What to produce: Output the records precisely as they stand. Pictures are to be skipped.

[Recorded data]
BEGIN

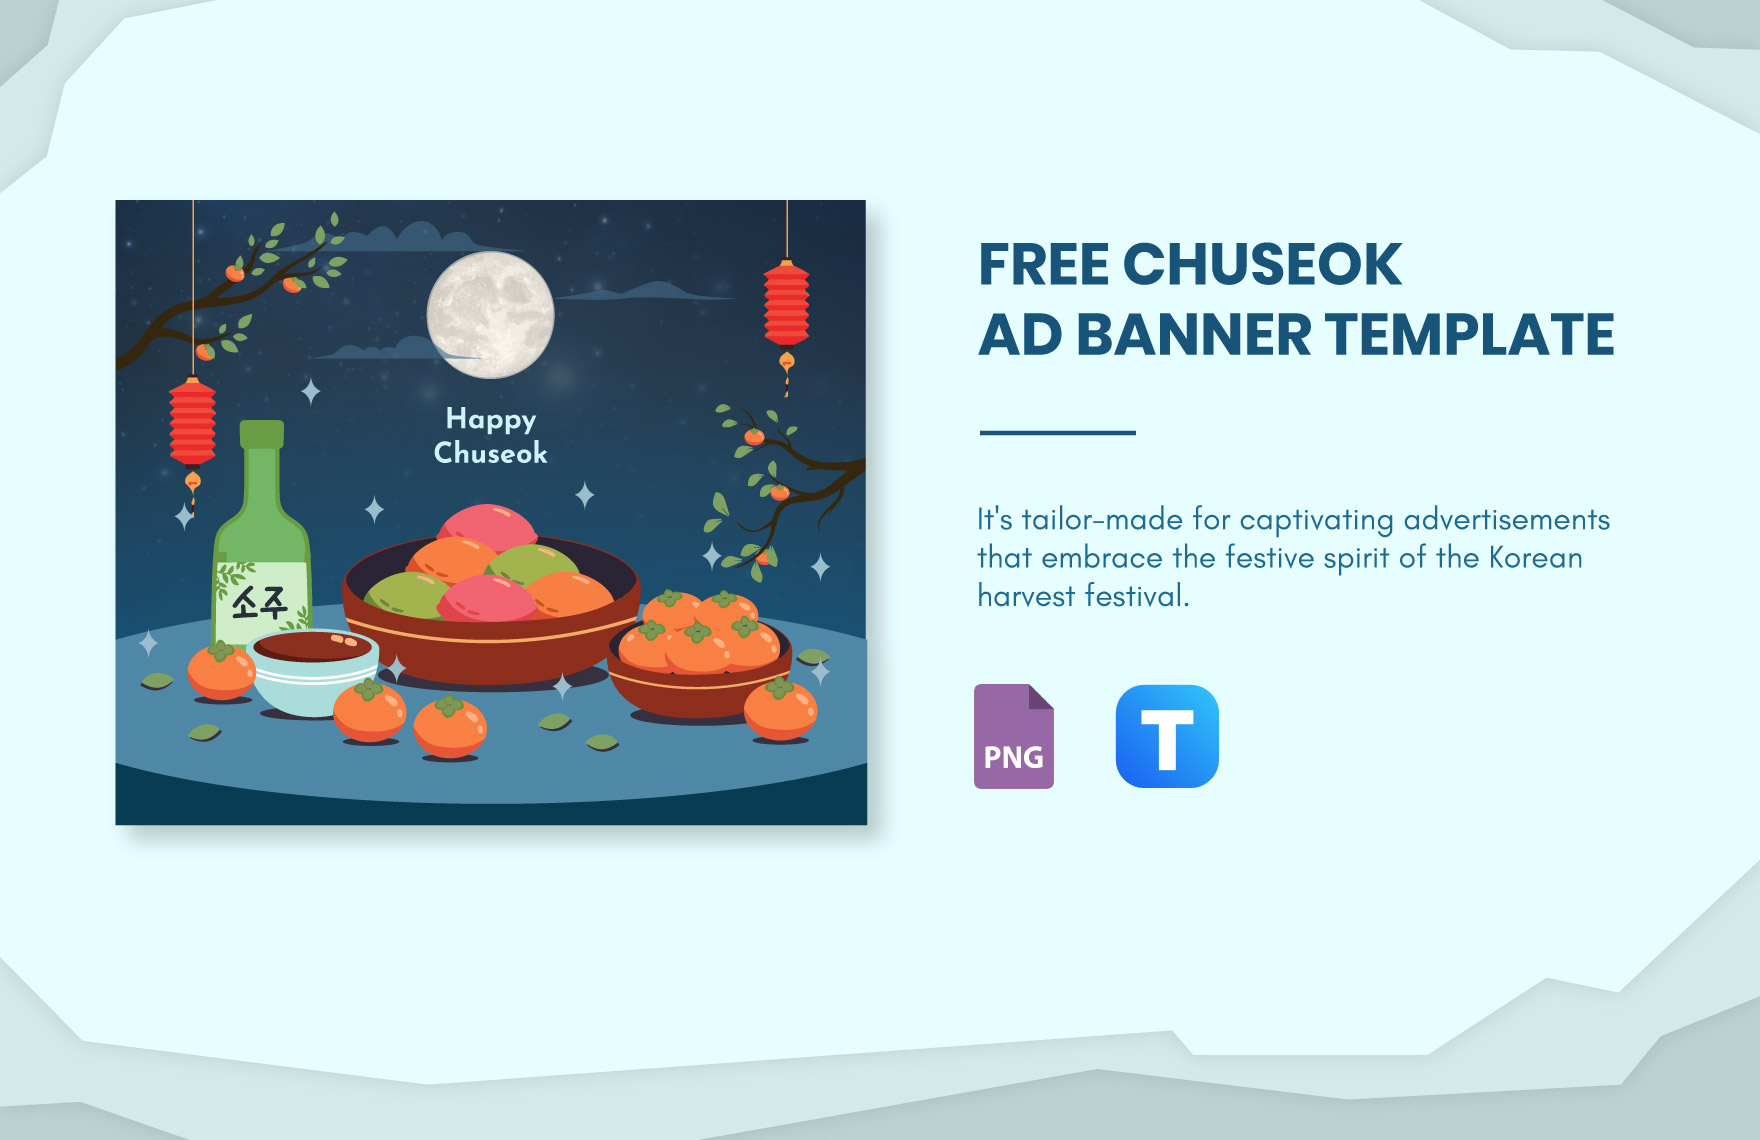 Free Chuseok Ad Banner Template in PNG
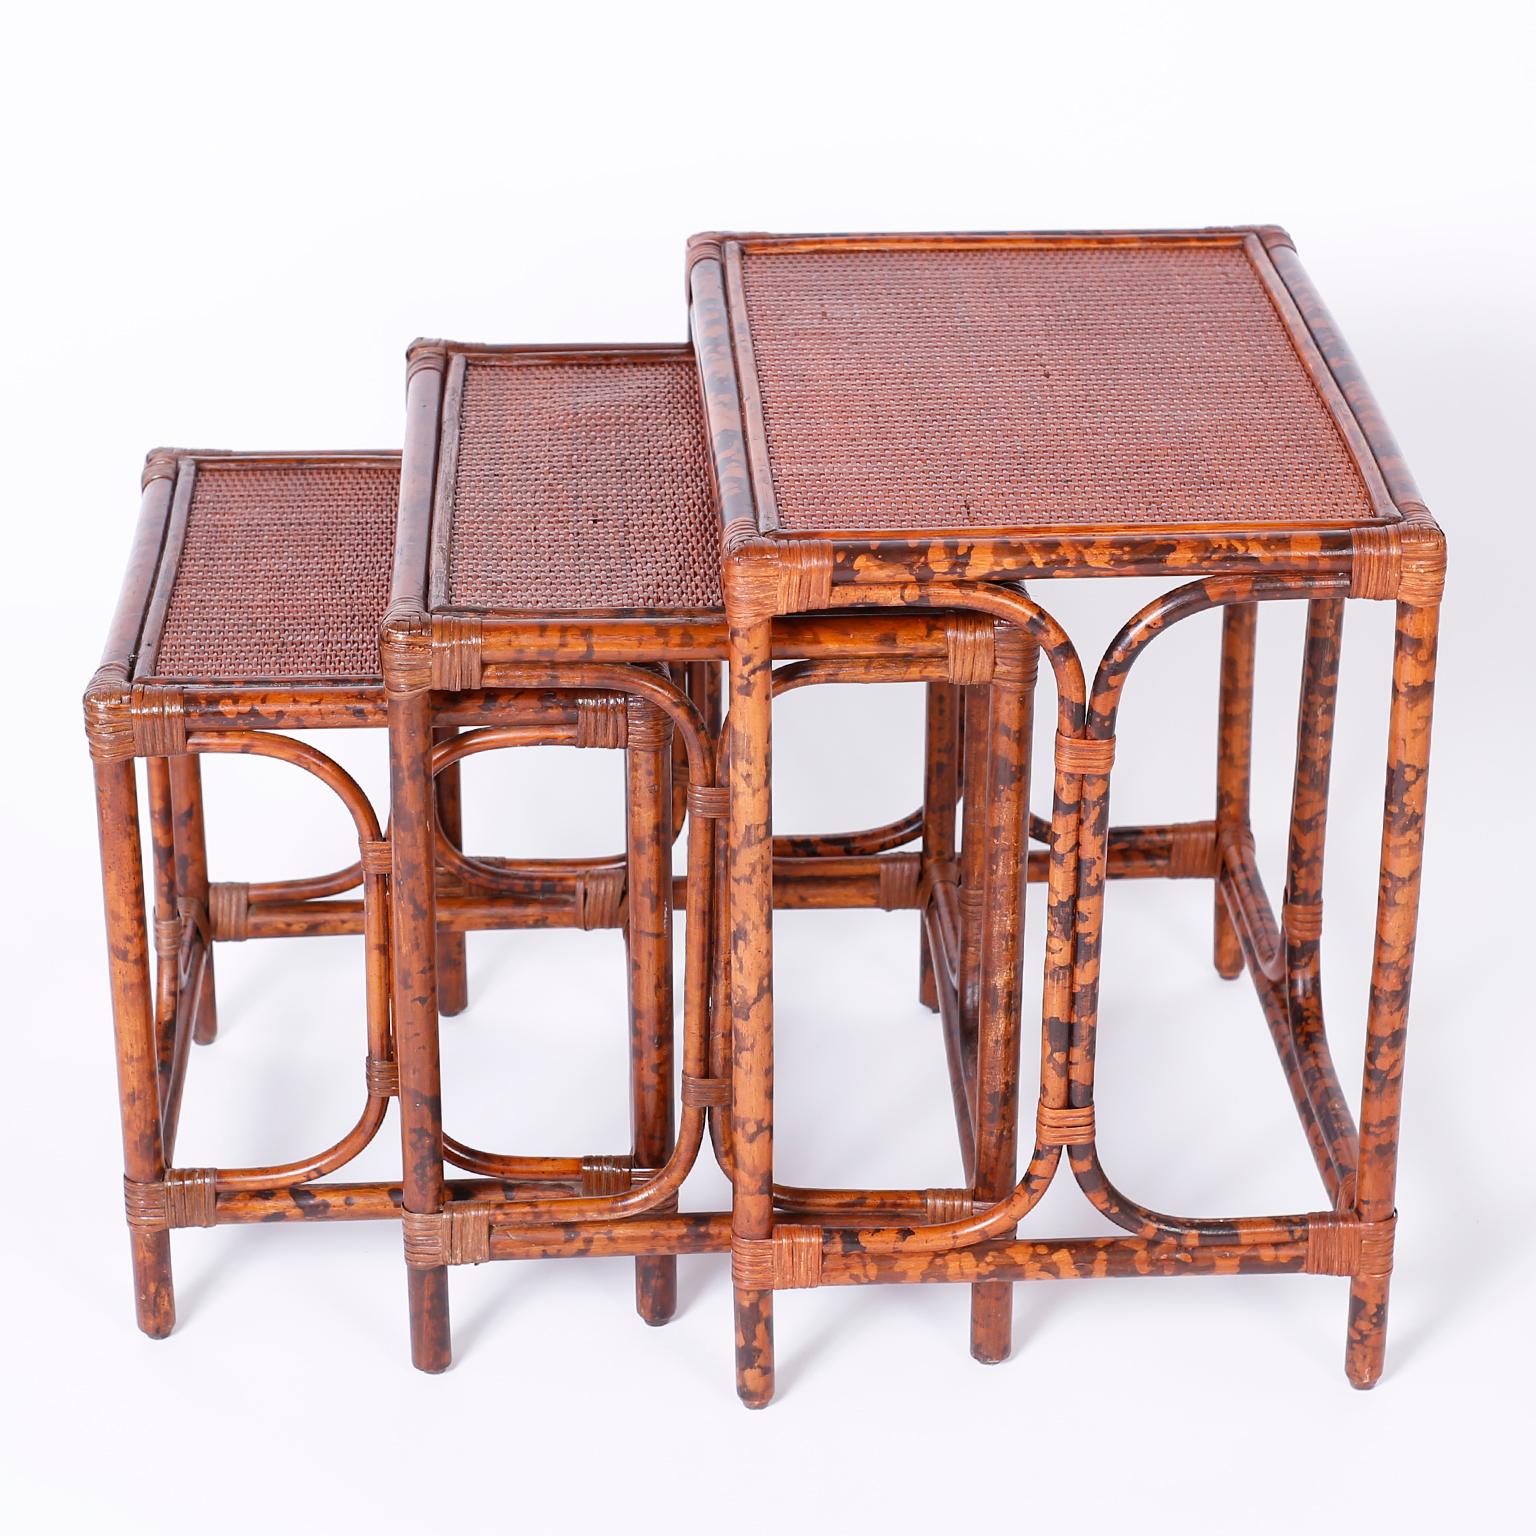 Nest of three tables with faux tortoise wood and bent wood faux bamboo frames wrapped with reed at the joints and grass cloth tops on all three.

Measures: Largest to smallest:

H 22 W 20 D 18
H 21 W 19 D 16
H 16 W 14 D 13.
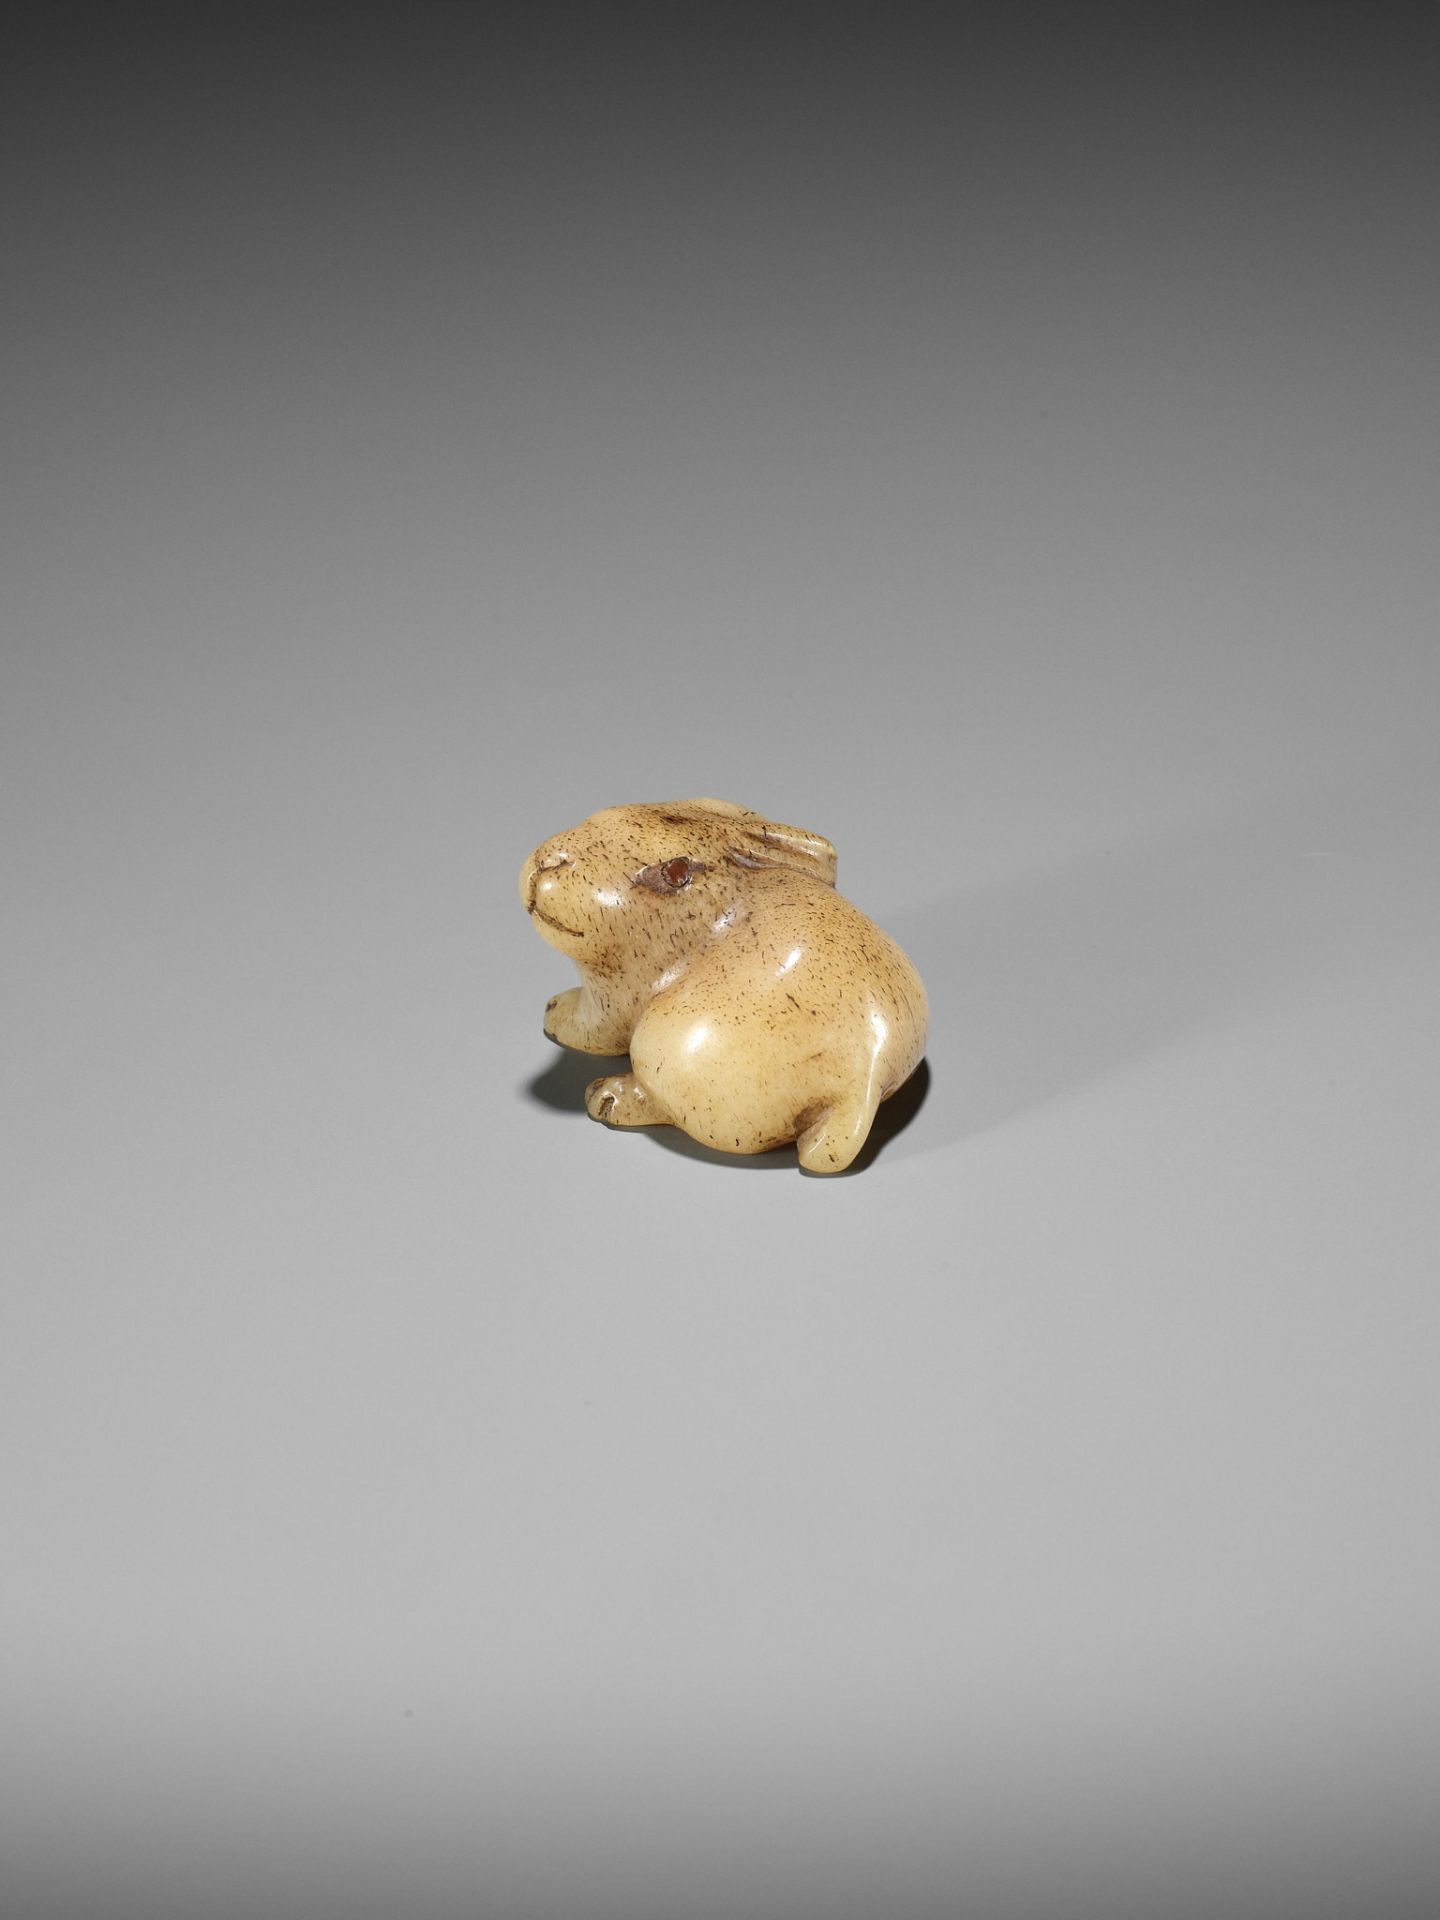 A CHARMING STAG ANTLER NETSUKE OF A HARE - Image 3 of 10

END

Solved exercise:
 Free Chuseok Ad Banner Template in PNG
 Nest of three tables with faux tortoise wood and bent wood faux bamboo frames wrapped with reed at the joints and grass cloth tops on all three.

Measures: Largest to smallest:

H 22 W 20 D 18
H 21 W 19 D 16
H 16 W 14 D 13.
 A CHARMING STAG ANTLER NETSUKE OF A HARE - Image 3 of 10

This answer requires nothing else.